[Task item] Emit a verbatim copy of the lines below from the line with "RITARI MINNE ワンピース" through the line with "Jardineira Cubo 80 x 40 cm - VASART", excluding pictures and everything outside that range.

[Records to use]
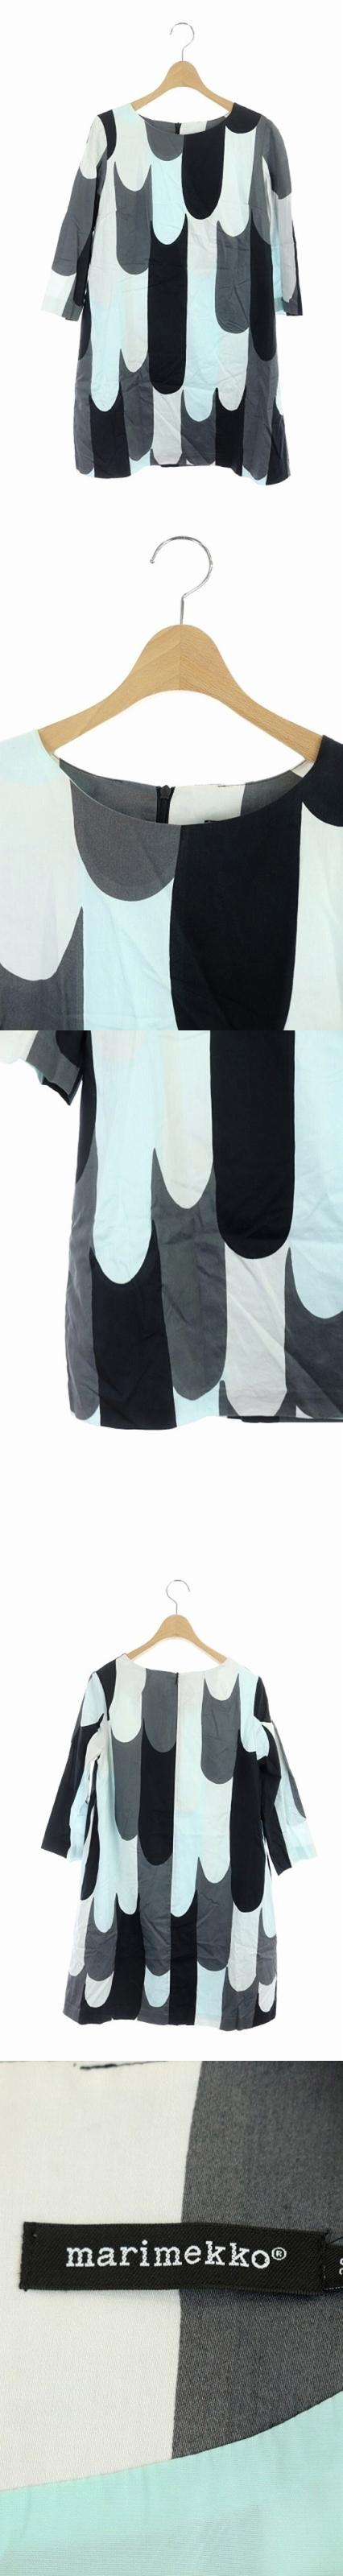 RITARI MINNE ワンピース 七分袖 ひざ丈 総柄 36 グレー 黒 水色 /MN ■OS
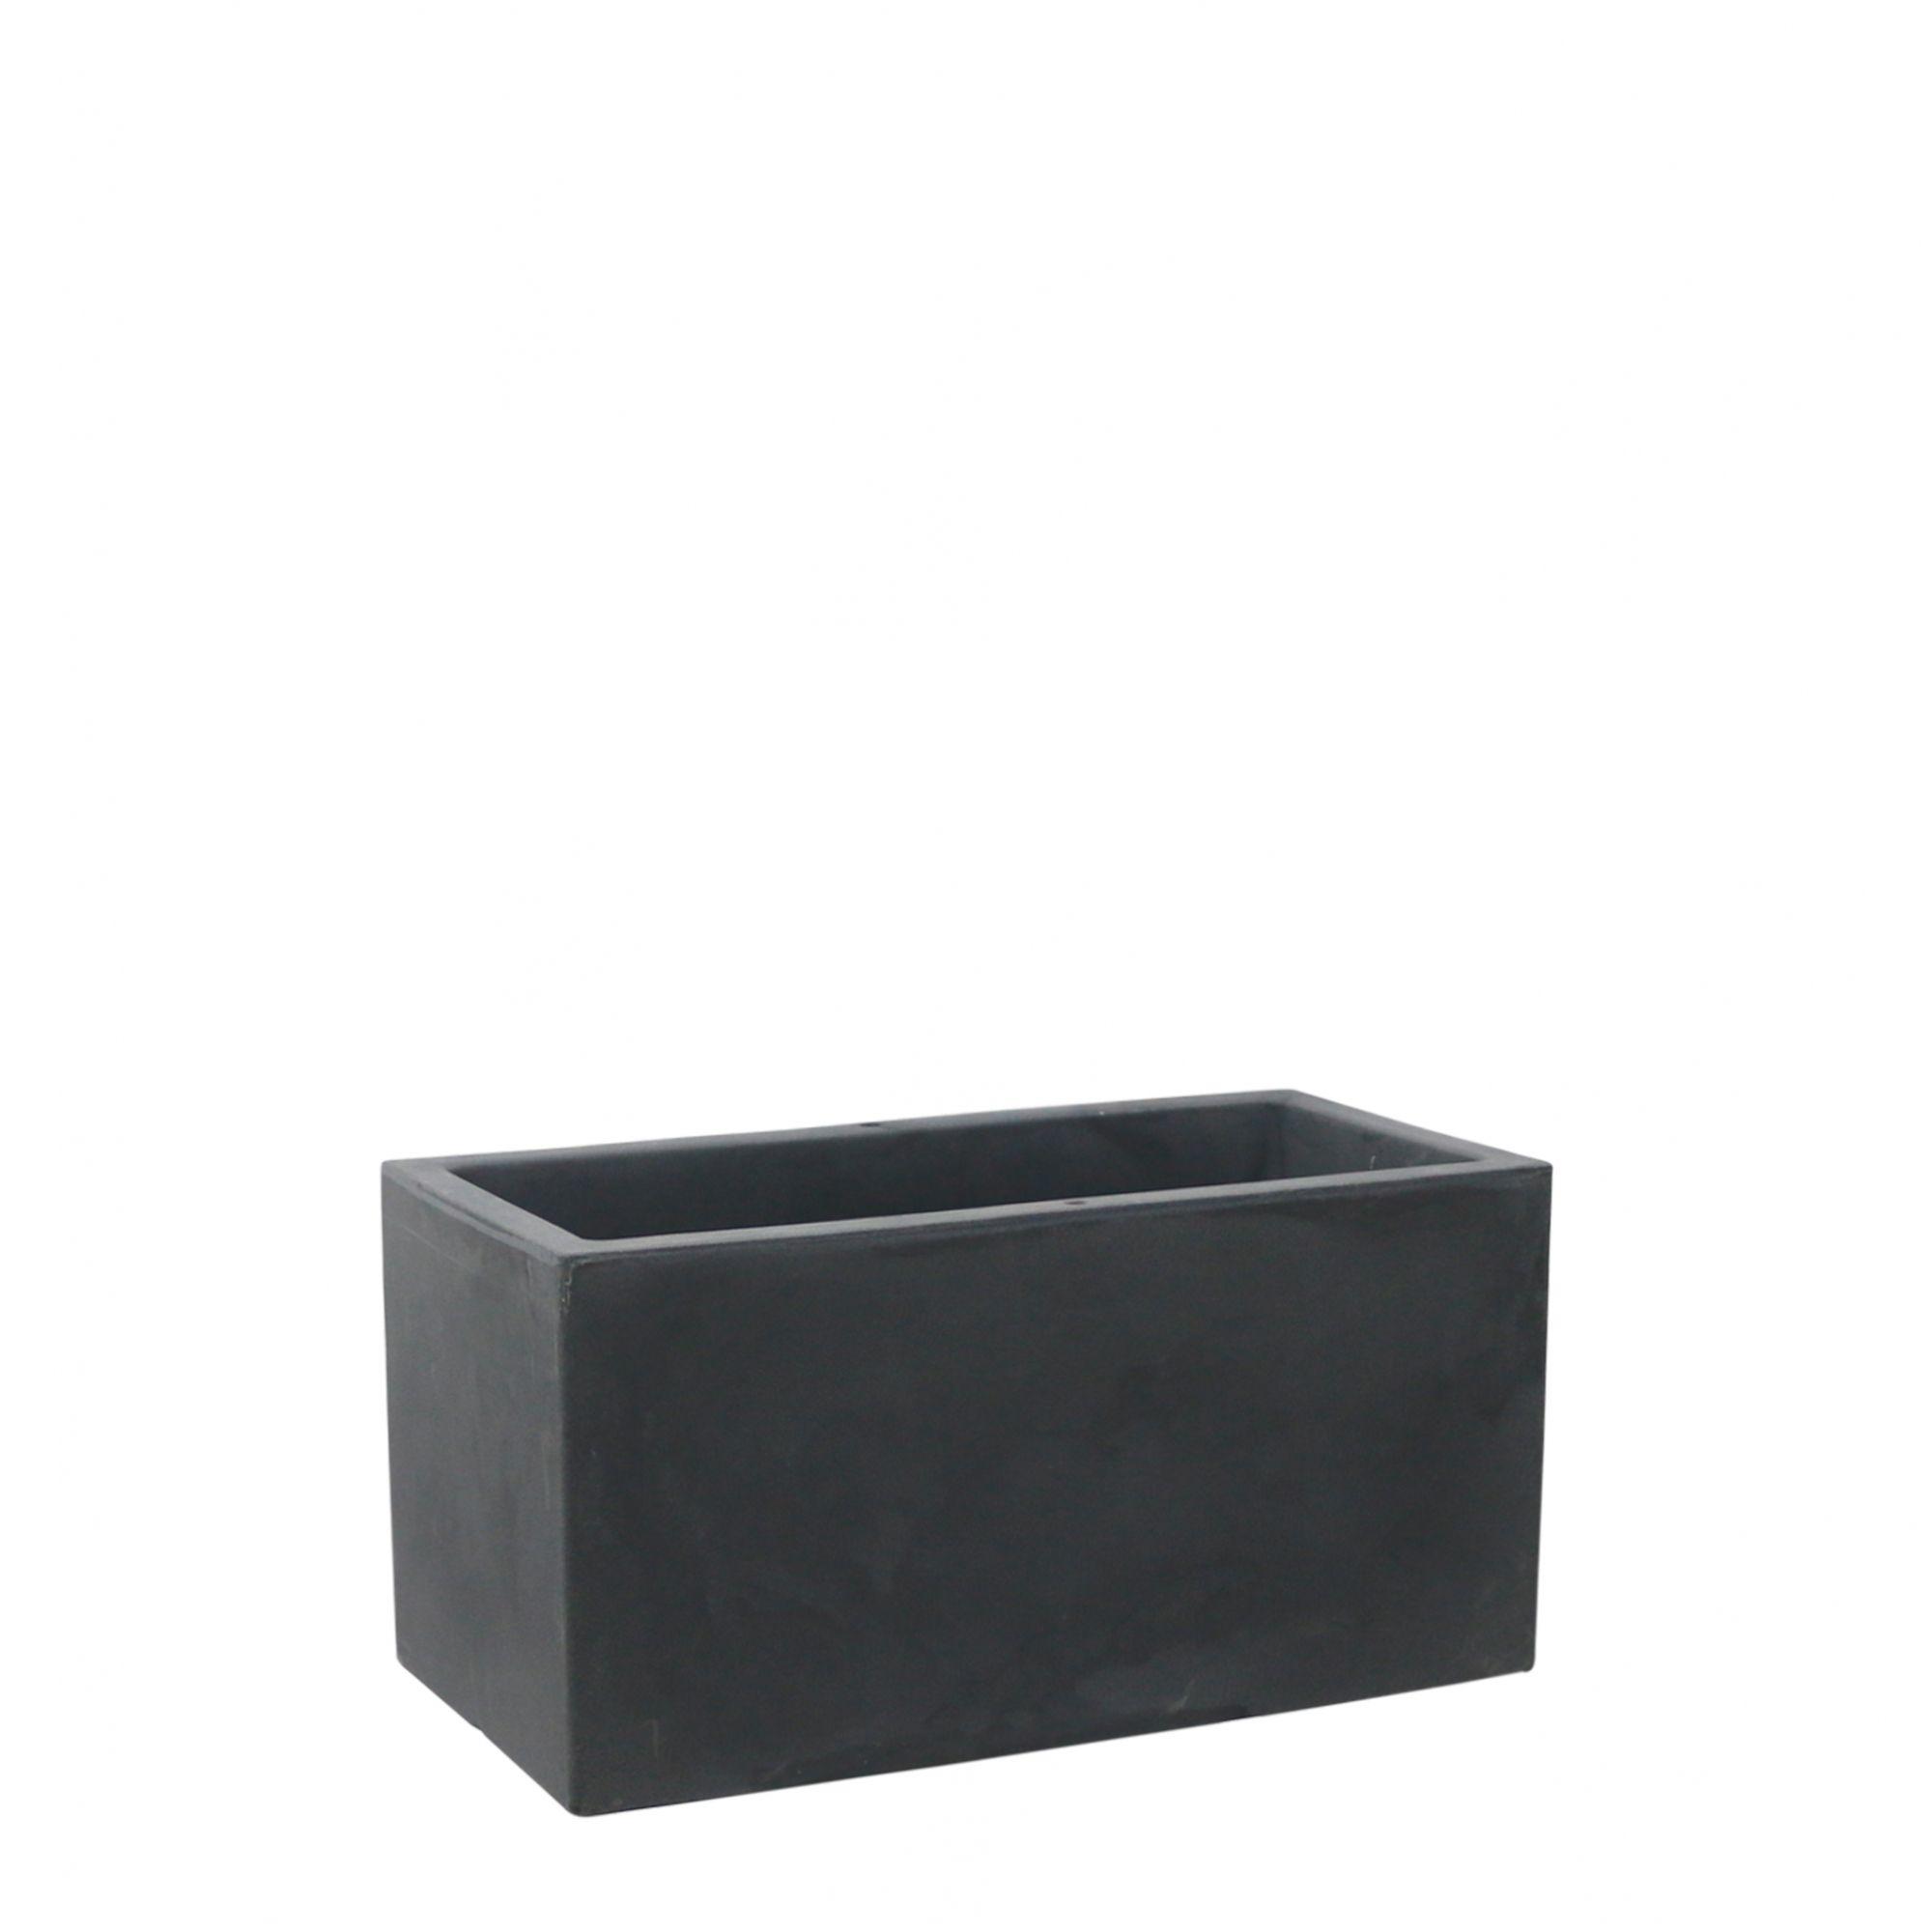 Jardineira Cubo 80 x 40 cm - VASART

* * *

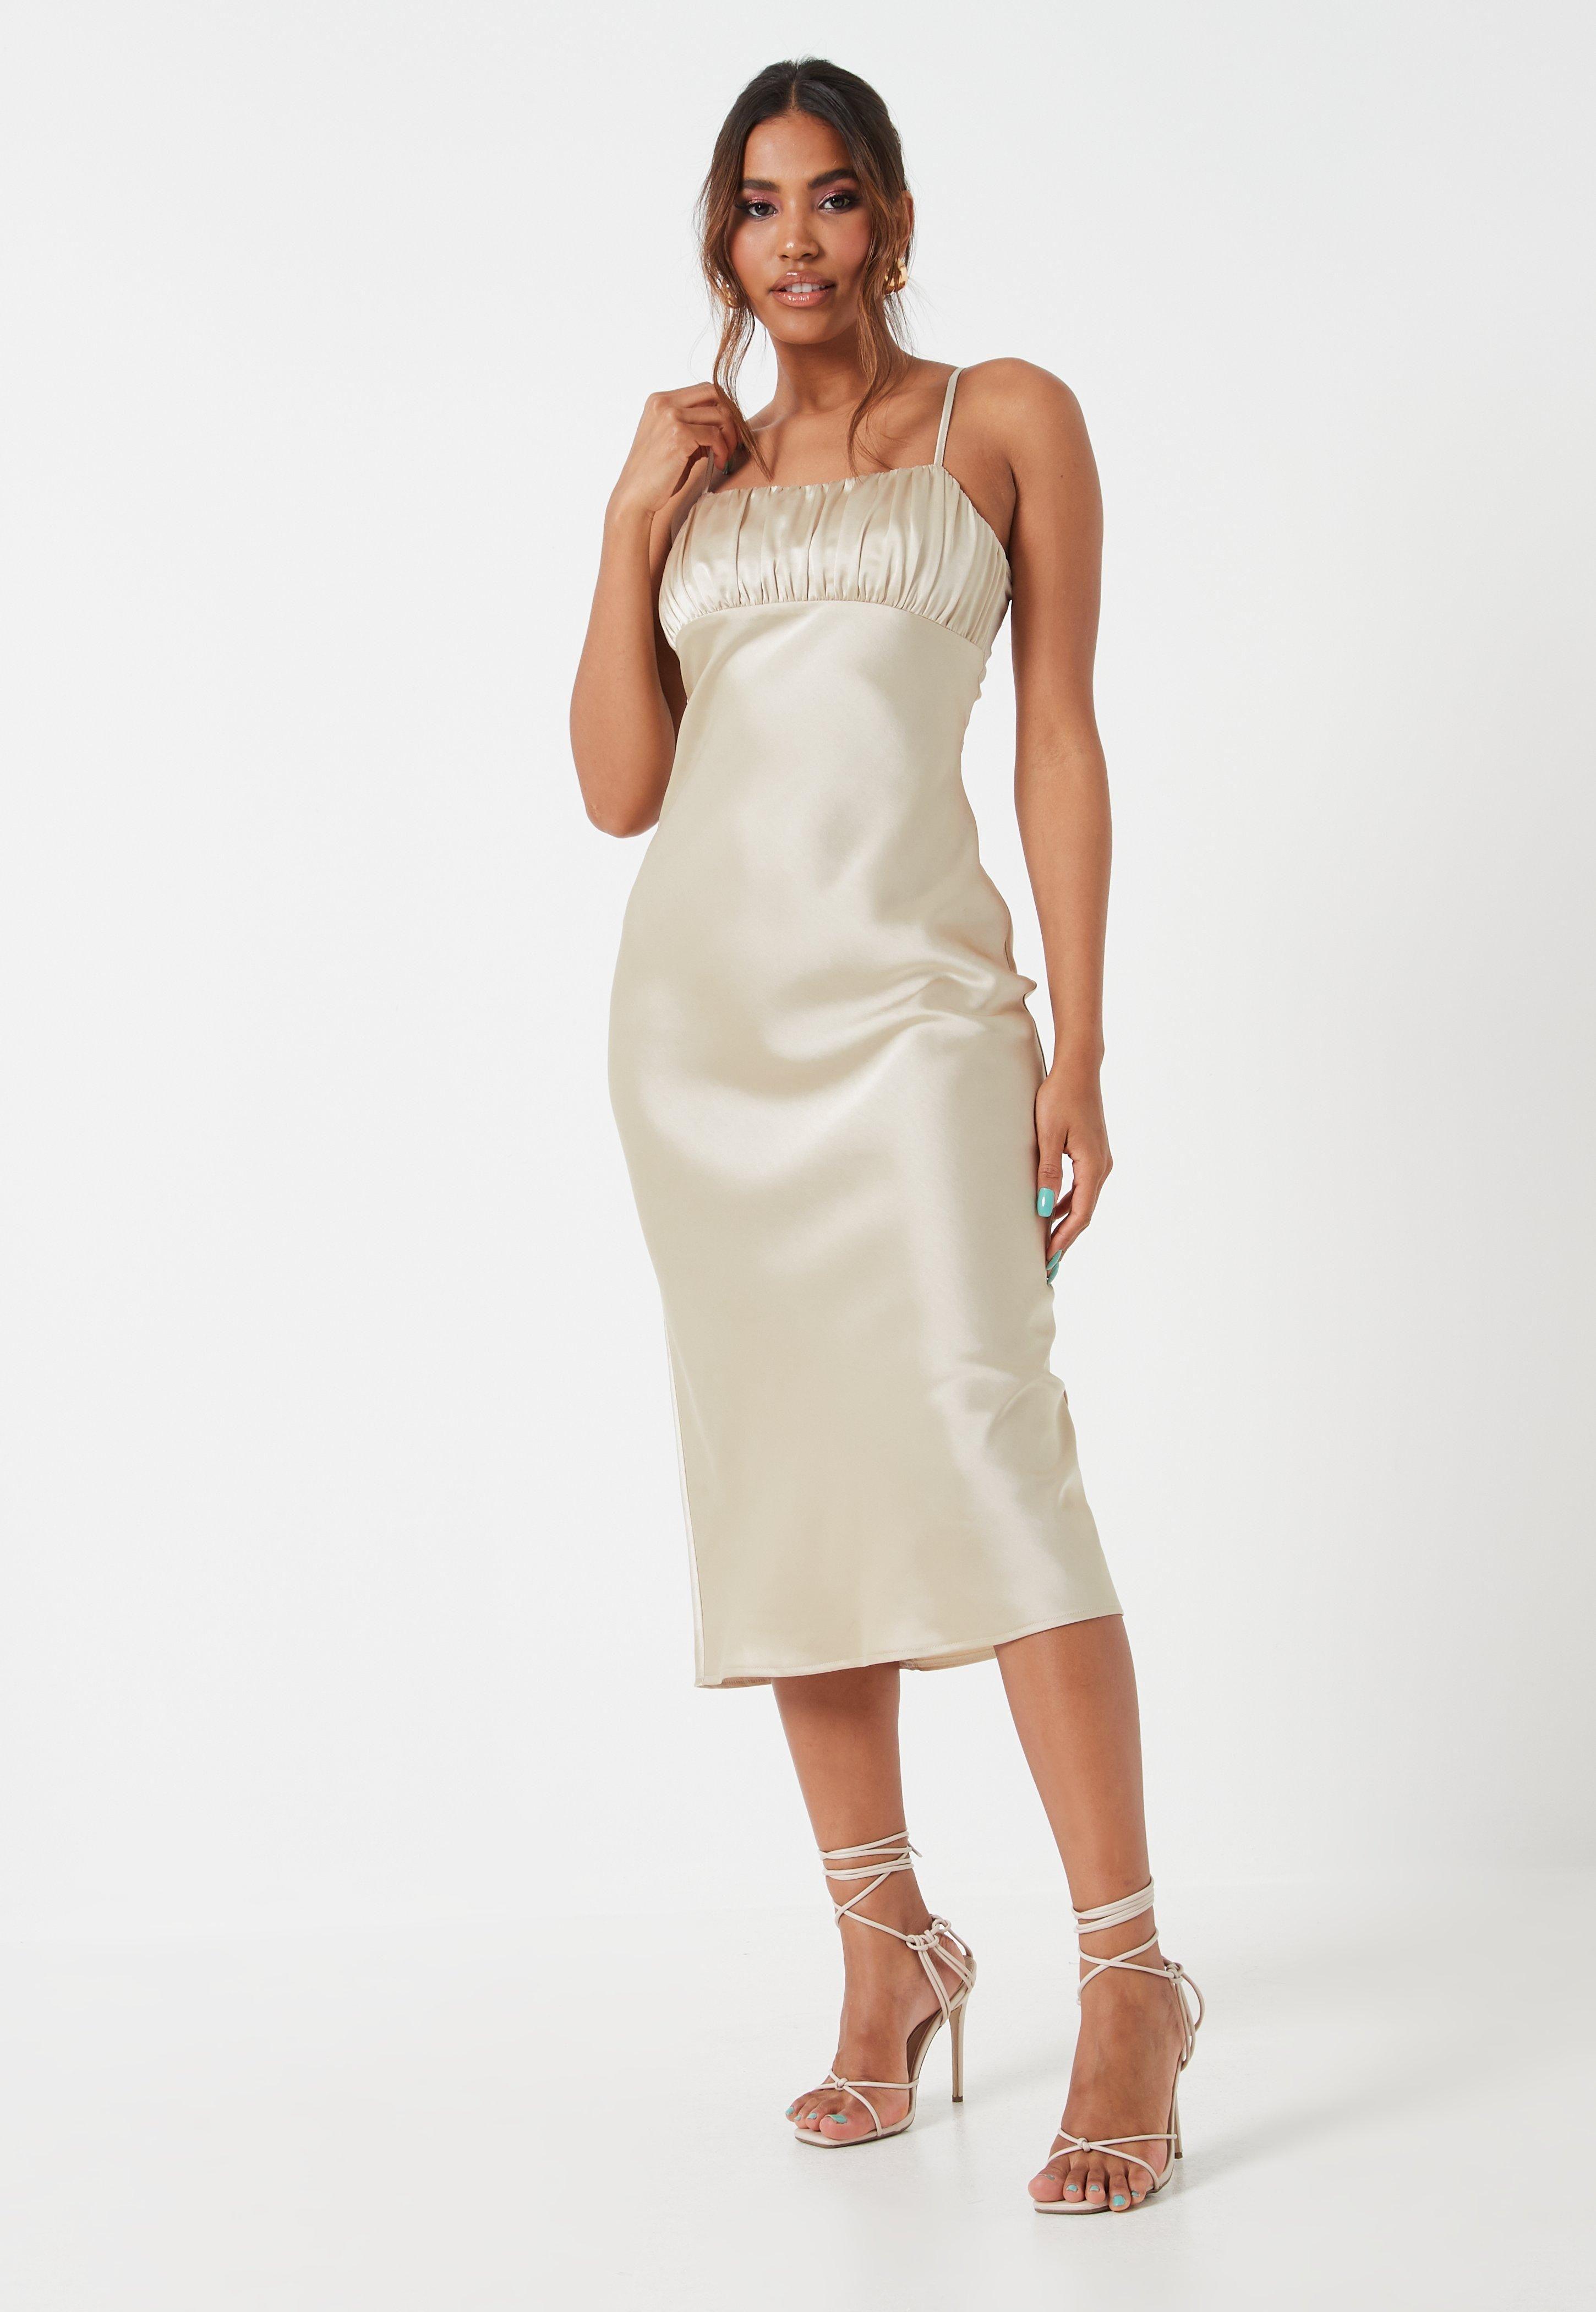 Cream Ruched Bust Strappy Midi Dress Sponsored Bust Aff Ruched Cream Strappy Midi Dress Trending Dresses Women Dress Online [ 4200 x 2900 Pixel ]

--

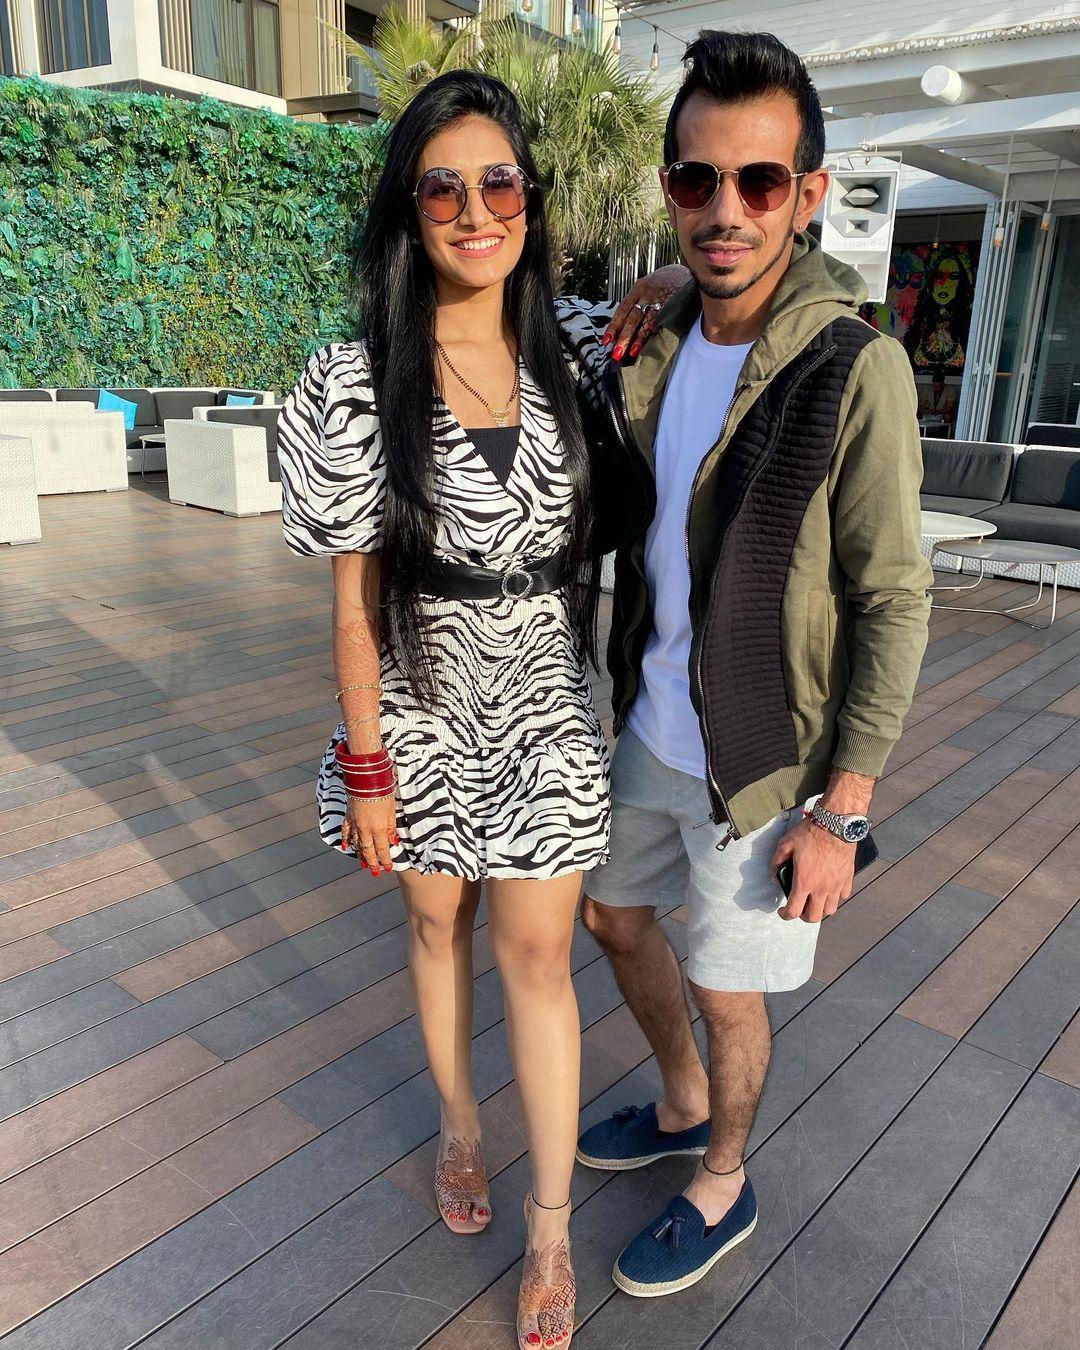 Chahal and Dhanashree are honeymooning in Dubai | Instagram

[Result of this exercise]
 RITARI MINNE ワンピース 七分袖 ひざ丈 総柄 36 グレー 黒 水色 /MN ■OS
 Jardineira Cubo 80 x 40 cm - VASART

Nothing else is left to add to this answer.